Article
Eduardo Anglada · May 11 8m read

IRIS in Astronomy

In this article we are going to show the results of the comparision between IRIS and Postgress when handling Astronomy data.

Introduction

Since the earliest days of human civilization we have been fascinated by the sky at night. There are so many stars! Everybody has dreamed about them and fantasized about life in other planets.

Astronomers have been identifying and classifying stars since many centuries ago. There are star catalogues compiled in Mesopotamia and Egypt from the 2nd millennium BC [1]. In modern times there have been two main catalogues: Hipparcos [2] and Gaia [3]. Both are the European Space Agency (ESA) missions with a spacecraft dedicated to mapping and characterizing stars and meteorites.

Hipparcos was a pioneering project, launched in 1989, which pinpointed the positions of 100000 stars with high precision and more than 1 million with lesser precisions. In year 2000 a new catalogue was published, which brings the total number of stars to 2.5 million and includes 99% of all stars down to magnitude 11 (unitless measure of brightness, see [4]). This catalogue is still being used by astronomers.

In 2013 ESA launched Gaia [4], a new spacecraft dedicated to mapping the Milky Way and any other star which it detects. Not only it maps their positions, but also their velocities and many other  physical parameters: brightness in the Red and Blue color bands, effective temperatures, luminosity, radius, and also it includes tens of thousands of meteorites of the solar system.  In total the catalogue has almost 100 columns  with the different physical properties and their corresponding errors. All the stars have been treated with the same level of precision, but only a subset of them has all the data available. Scientists have worked hard in order to make the data as reliable as possible.

There have been several releases of the Gaia catalogue, and in this comparison we will use Data Release number 2, which is the first one which includes the results for 1.6 billion of stars and several hundreds of thousands meteorites. So far the different Data Releases have been used in thousands of scientific papers.

Gaia catalogues are redefining the foundation of astronomy and a huge step forward compared to Hipparcos. They are open, anyone can access and download them from the  Gaia Archive, which is hosted in the European Space Astronomy Centre (ESAC), located in Madrid (Spain). ESAC is responsible for hosting and archiving all the missions data, which is available to the entire scientific community and general public.

 

Representation of the area of Milky Way being mapped by Gaia. (All materials released under the Creative Commons By Attribution 4.0 license. Credit is "galaxymap.org, Twitter: @galaxy_map").

Gaia aims to map about 1-2 per cent of the whole Galactic stellar population.
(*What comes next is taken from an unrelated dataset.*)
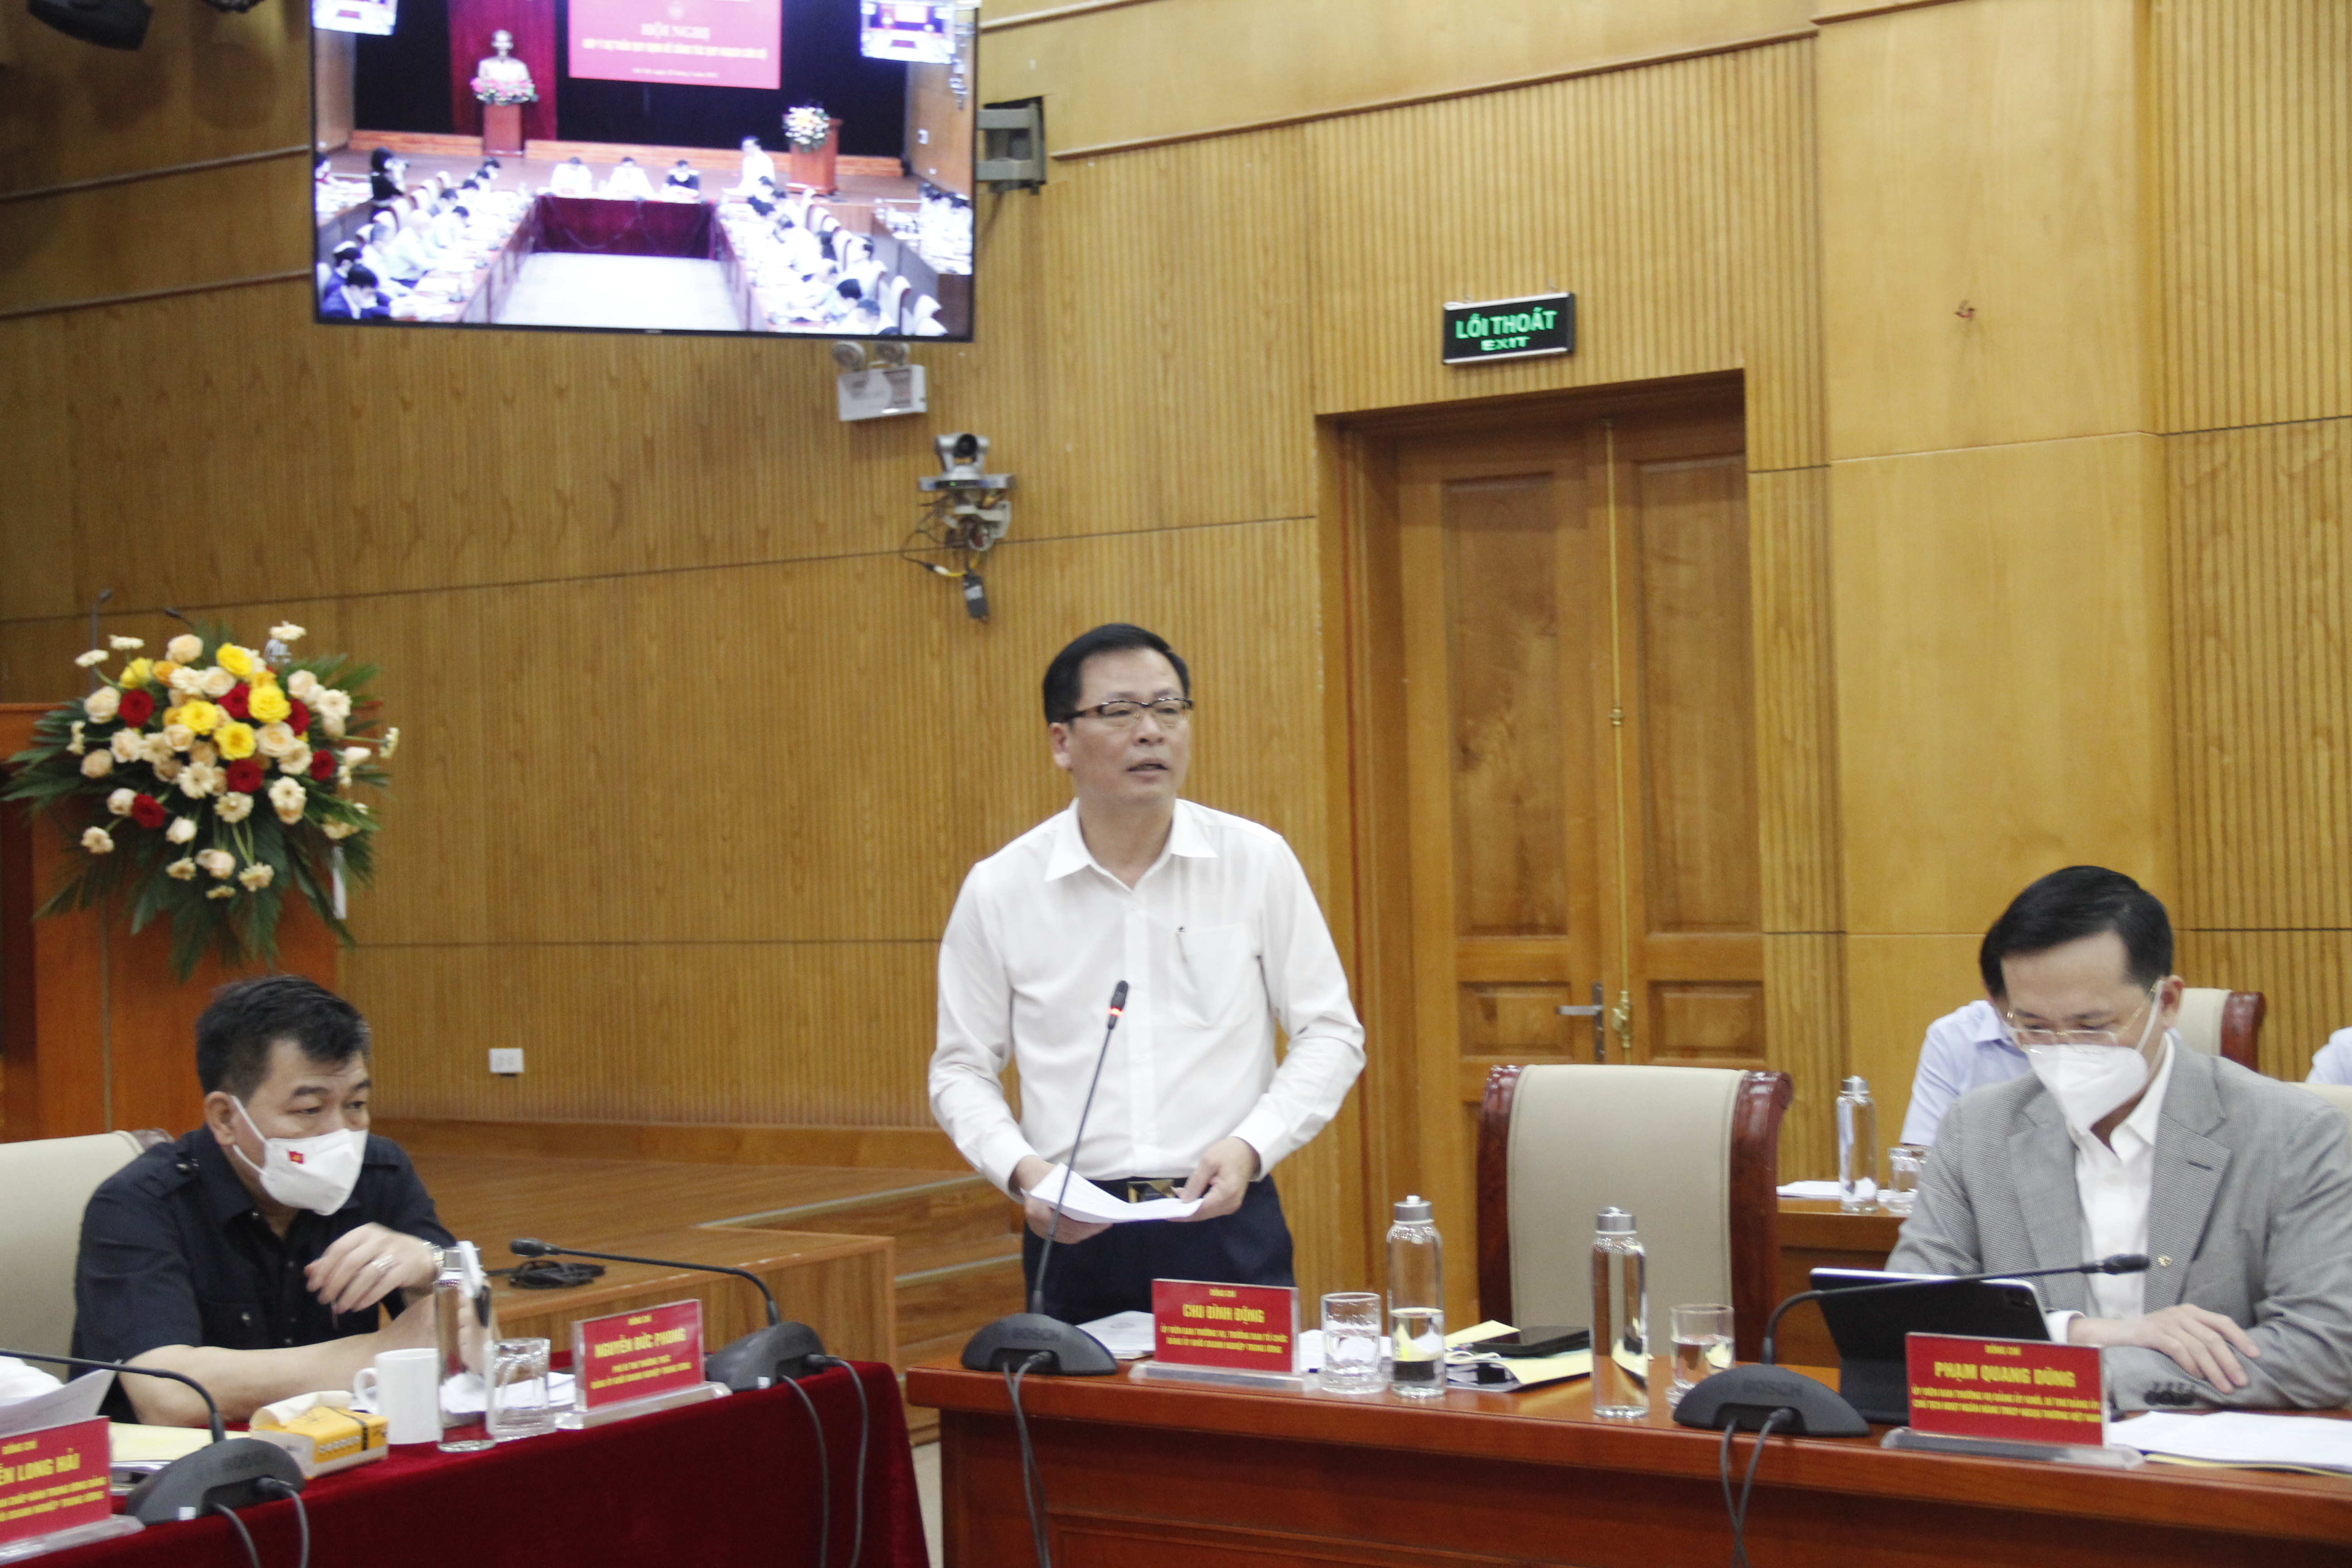 Đồng chí Chu Đình Động, Ủy viên Ban Thường vụ Đảng ủy Khối, Trưởng Ban Tổ chức Đảng ủy Khối  trình bầy báo cáo đề dẫn về công tác quy hoạch cán bộ.
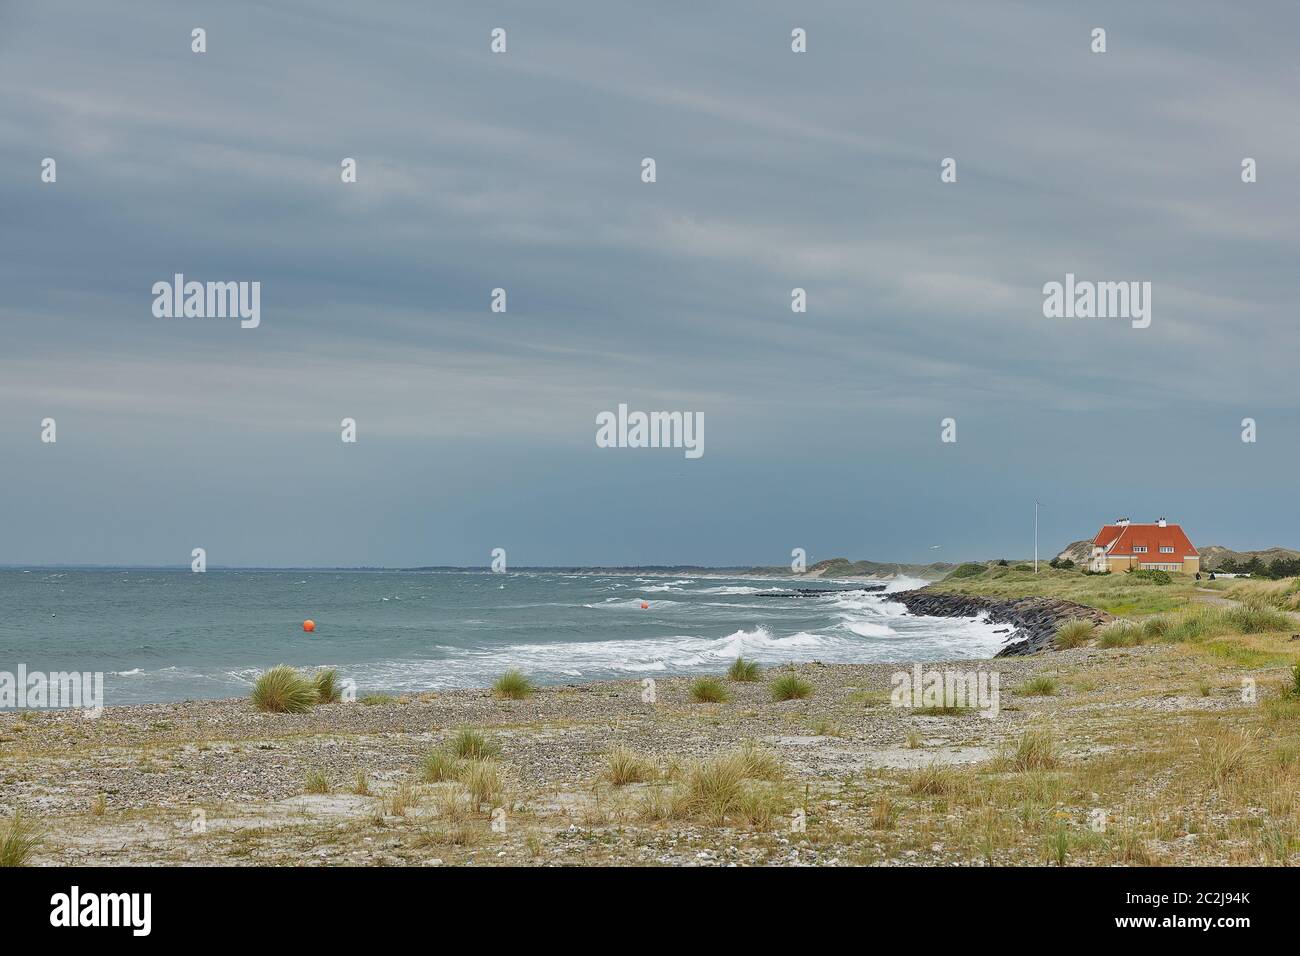 Bord de mer et paysage près de la ville de Skagen au Danemark Banque D'Images

Cache and IRIS in the daily processing of Gaia data

The Gaia satellite in the Sun-Earth Lagrange point 2 about 1.5 million kilometres from Earth. It is always spinning and collecting data, which is received on Earth using antennas  in Cebreros (Spain), New Norcia (Australia) and  Malargüe (Argentina). Each antenna first sends its data to Germany, where  Mission Operation Centre (MOC) receives the telemetry consisting of scientific data from the onboard telescope and auxiliary data. After checking the spacecraft health MOC sends the data to the Science Operation Centre (SOC) In ESAC (Spain). SOC receives a daily average of 40GB of data that can fluctuate depending on the area of the Galaxy  being scanned by the satellite. When Gaia observes the center of the Milky Way the total volume reaches 110GB.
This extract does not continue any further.